The tribunal adopted the same approach as had been followed under the Race Relations Act 1976 by the Employment Appeal Tribunal in Richmond Pharmaceuticals v Dhaliwal [2009] ICR 724:

“As a matter of formal analysis it is not difficult to break down the necessary elements of liability under section 3A. They can be expressed as three-fold:

(1) The unwanted conduct: Did the Respondent engage in unwanted conduct;

(2) The purpose or effect of that conduct: Did the conduct in question either

(a) have the purpose or,

(b) have the effect

of either (i) violating the claimant’s dignity or (ii) creating an adverse environment for her. …

(3) The grounds for the conduct. Was that conduct on the grounds of the Claimant’s race (or ethnic or national origins) ?”

The tribunal went on to hold that Wilson’s bad language was merely an expression of bad temper which might have amounted to “unwanted conduct”, but was not intended to express hostility to the Pope or Roman Catholicism. Element (1) of the test in Richmond Pharmaceuticals had therefore been established but not elements (2) or (3). Wilson had not known that Heafield was Catholic and, more to the point, there had been no anti-Catholic purpose in what he said. His use of the f-word was simply a manifestation of his stress at the time.

By a fairly tortuous route, the details of which need not concern us here, the matter ended up before the Employment Appeal Tribunal.

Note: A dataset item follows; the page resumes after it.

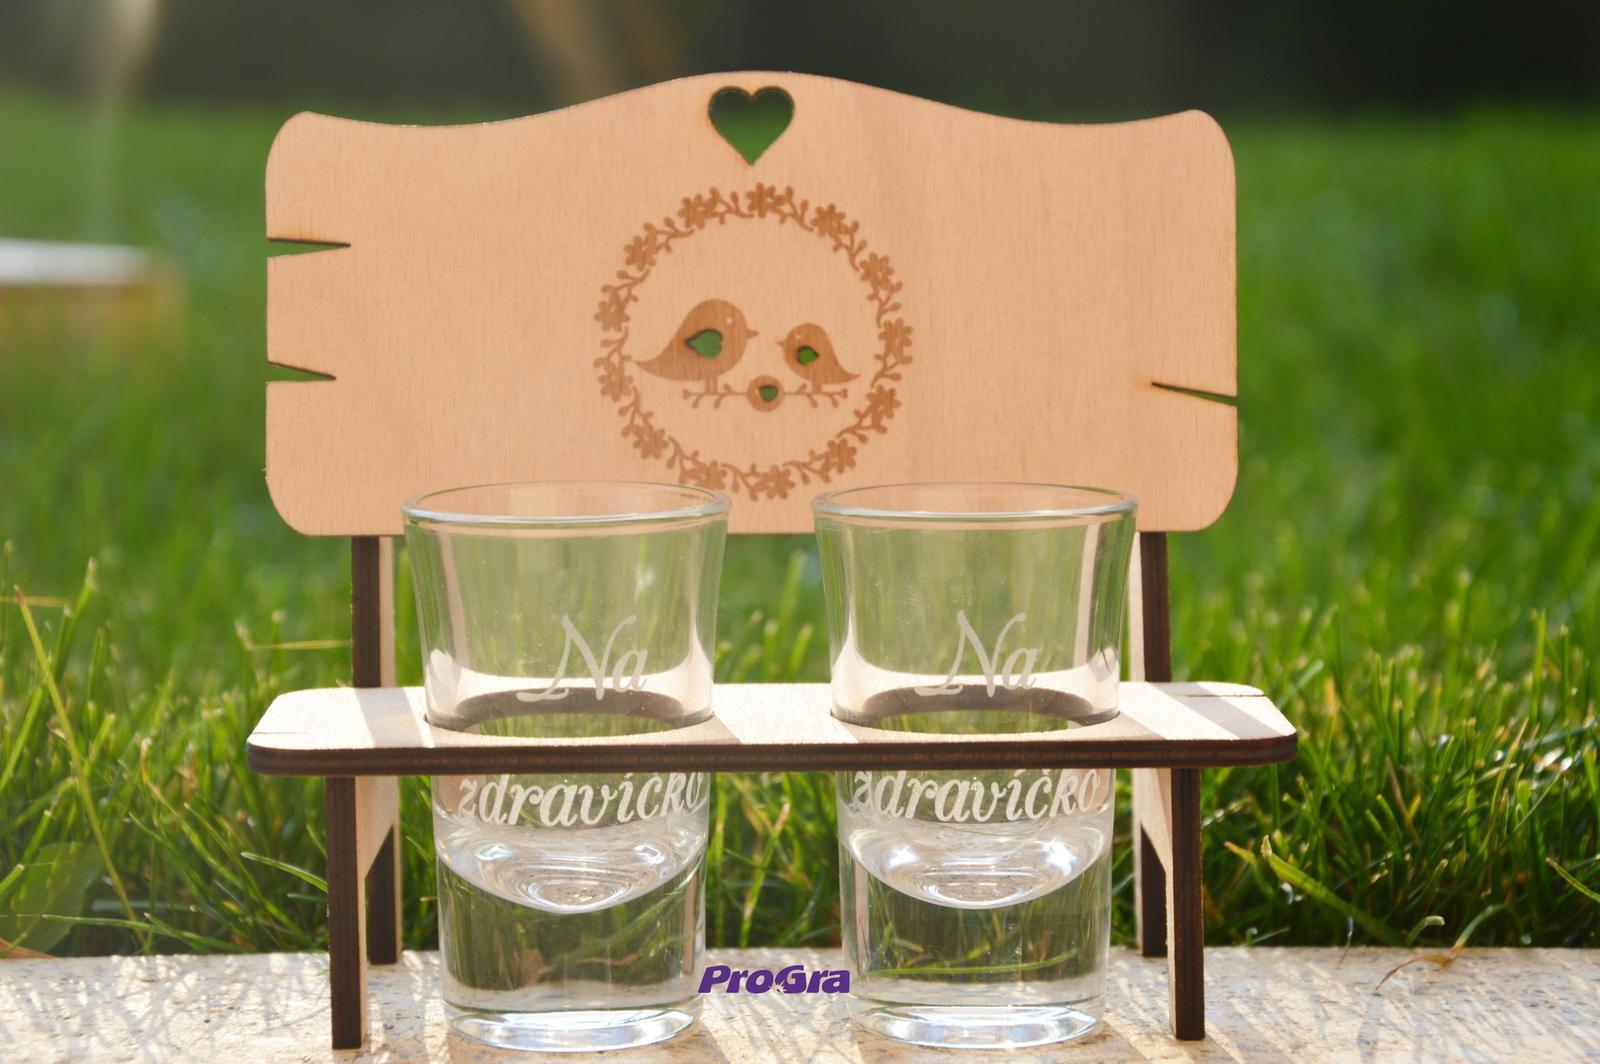 Svatební skleničky - Krásná lavička se štamprlíky - gravírování je možné i personalizovat

The Appeal Tribunal held that the employment tribunal had been plainly right in finding that, to the extent that Heathfield felt his dignity to be violated or that an adverse environment had been created, that was not a reasonable reaction. At para [10] of its judgment it stated:

What Mr Wilson said was not only not ill-intentioned or anti-Catholic or directed at the Pope or at Catholics: it was evidently not any of those things. No doubt in a perfect world he should not have used an expletive in the context of a sentence about the Pope, because it might be taken as disrespectful by a pious Catholic of tender sensibilities, but people are not perfect and sometimes use bad language thoughtlessly: a reasonable person would have understood that and made allowance for it.

The Appeal Tribunal went on to say that the facts of the present case were a good illustration of the kind of case in which the imposition of legal liabilities was undesirable and outside the scope of the legislation.

Element (2) had therefore not been satisfied and accordingly the appeal would fail without needing to consider element (3).

The case seems to me to be a victory for common sense. Far too often in different contexts courts have had to consider claims for compensation on the ground that someone has been “offended” without any more tangible loss or damage than that. One can no doubt conceive of situations in which such offence or hostility is generated that it amounts to harassment or an impossible working environment, but Heathfield’s case as presented to the employment tribunal came nowhere near.

Legend has it that during the infamous “Bodyline” cricket series between Australia and England in the early 1930s the England captain, Douglas Jardine, went to the Australian dressing room after a day’s play to complain that he had been called a “bastard” by one of the Australian team. He demanded an apology. The Australian captain turned around and shouted across the room “Alright, which one of you bastards called this bastard a bastard?”

History has not been enormously kind to Jardine, who is generally remembered as a pompous sort whose actions on and off the pitch were rarely to be admired. Mr Heafield should take note.